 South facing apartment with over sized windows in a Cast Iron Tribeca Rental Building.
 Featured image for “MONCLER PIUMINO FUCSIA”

* * *

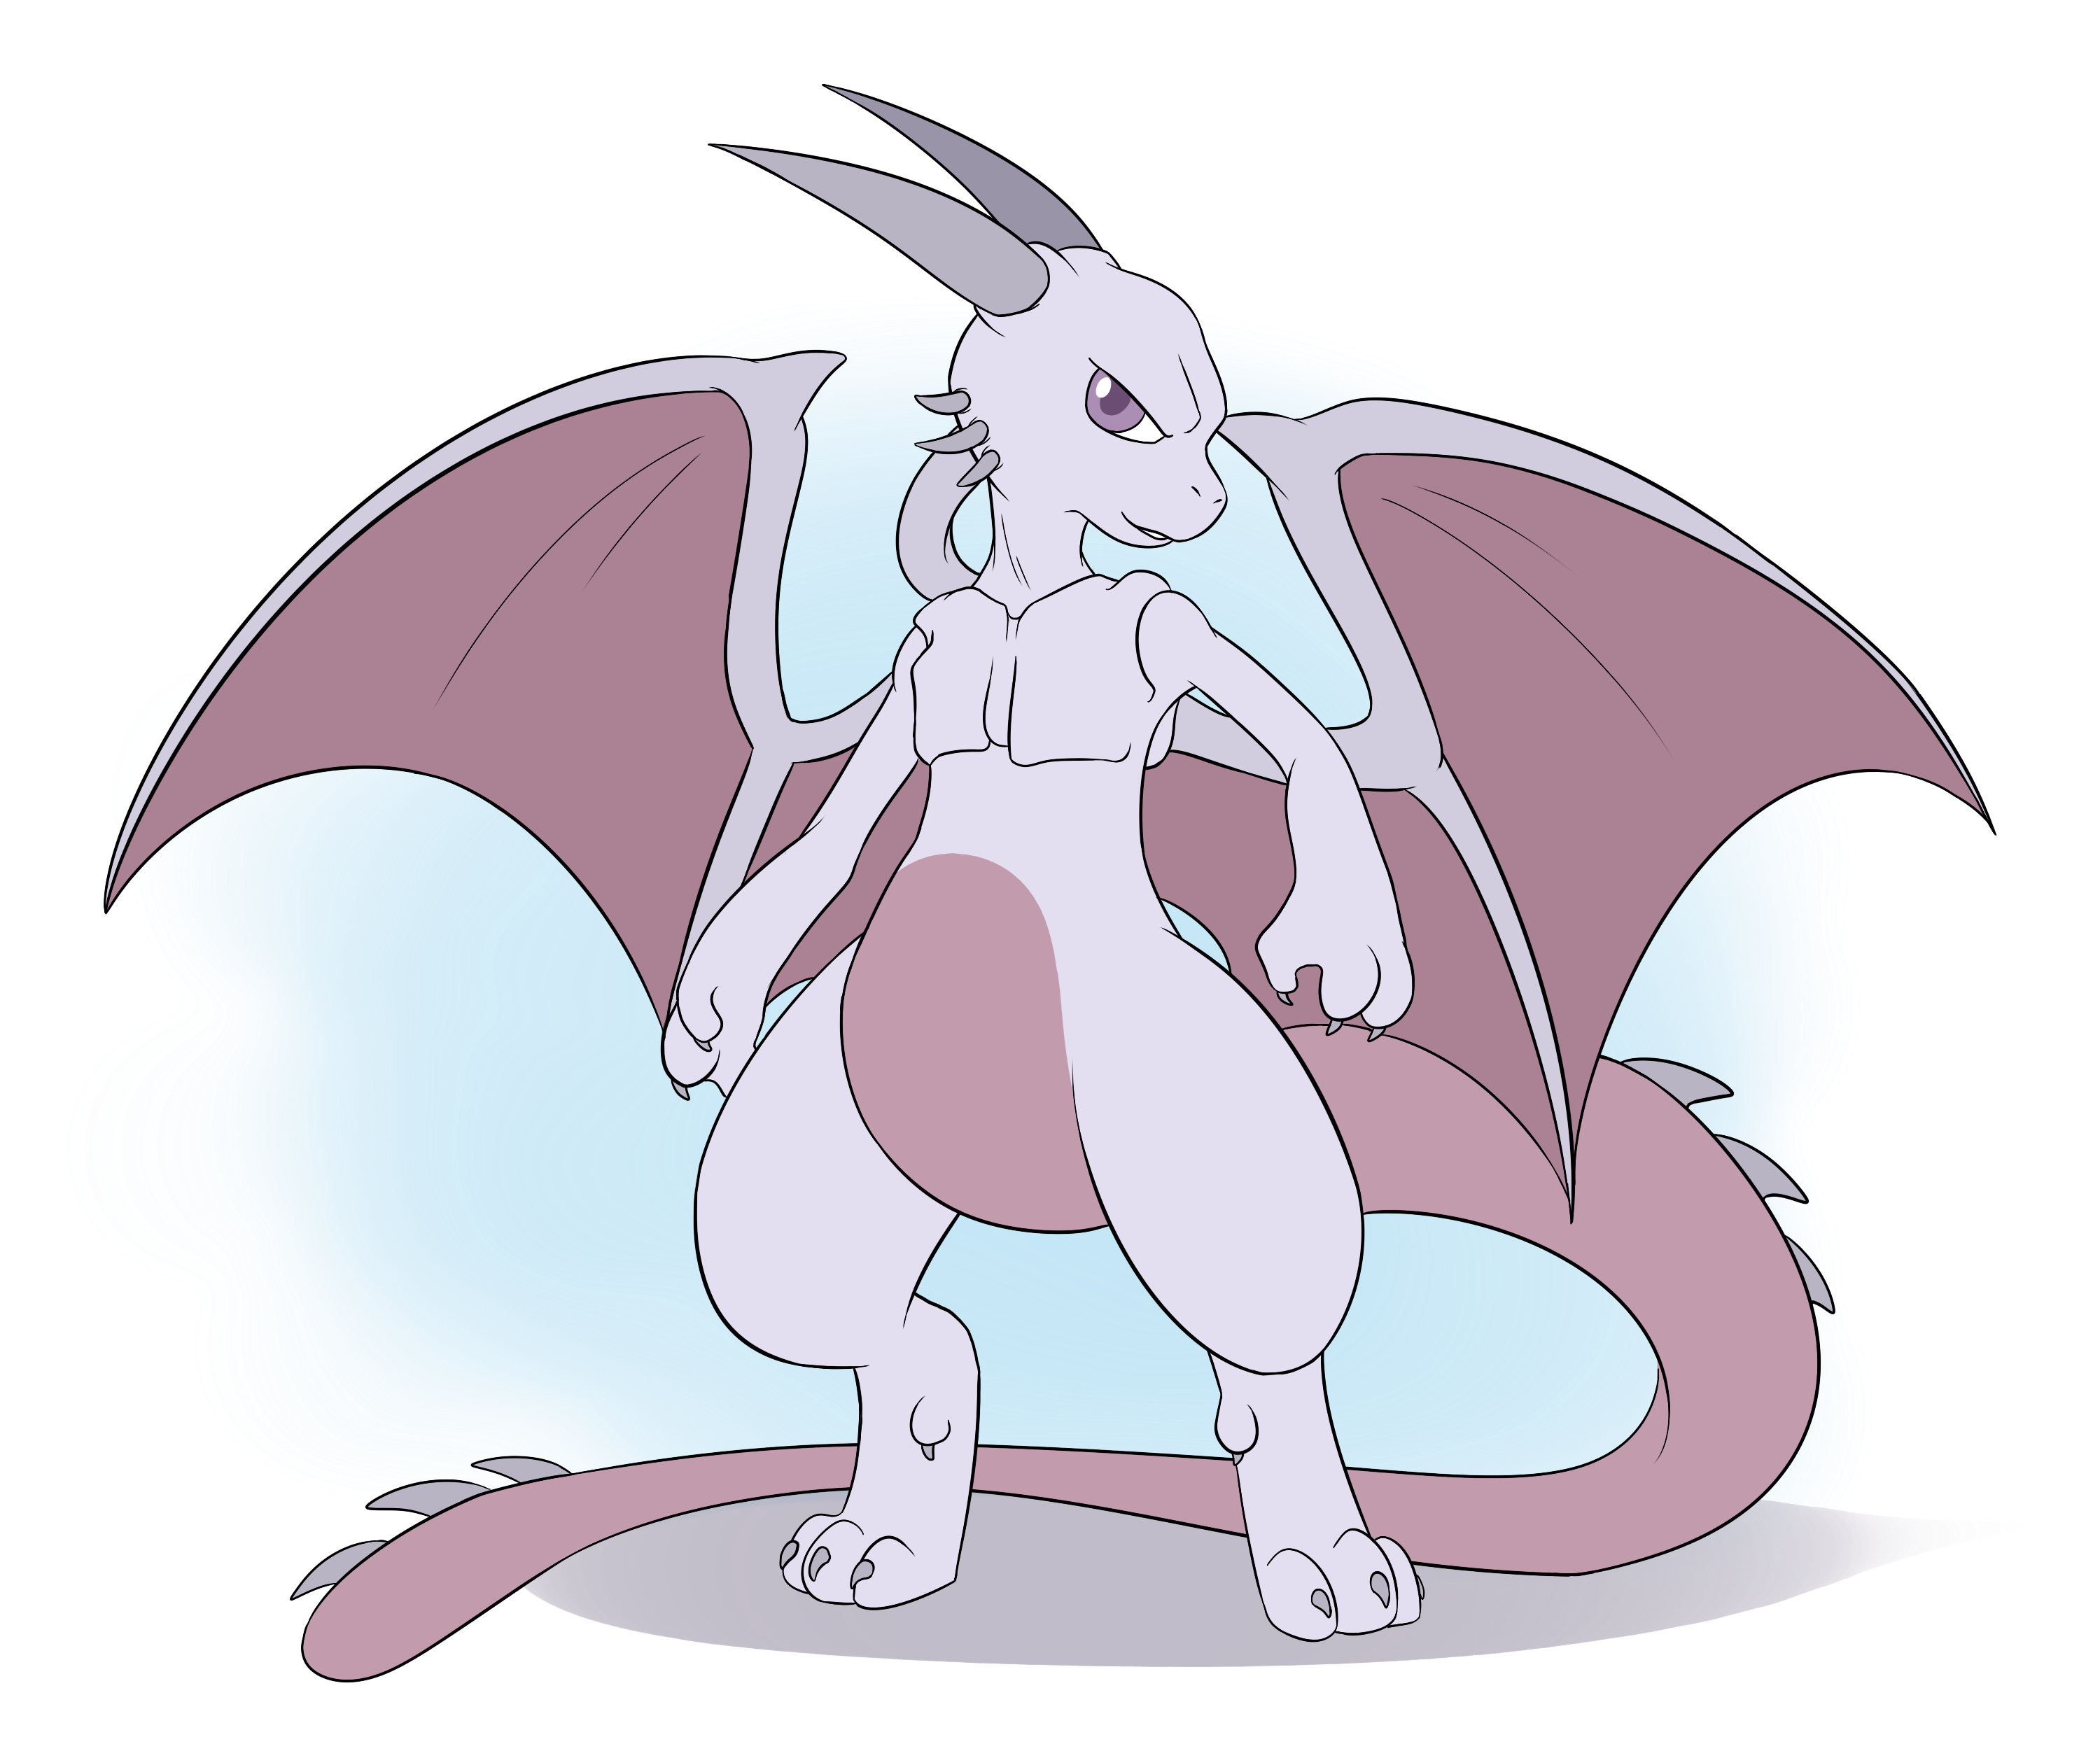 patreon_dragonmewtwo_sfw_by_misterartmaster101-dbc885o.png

--- About this exercise ---
Repeat exactly the lines of the listing above, from the one with "South facing apartment" down to the one with "Featured image for"; both of those lines belong in the range.

--- Result below ---
 South facing apartment with over sized windows in a Cast Iron Tribeca Rental Building.
 Featured image for “MONCLER PIUMINO FUCSIA”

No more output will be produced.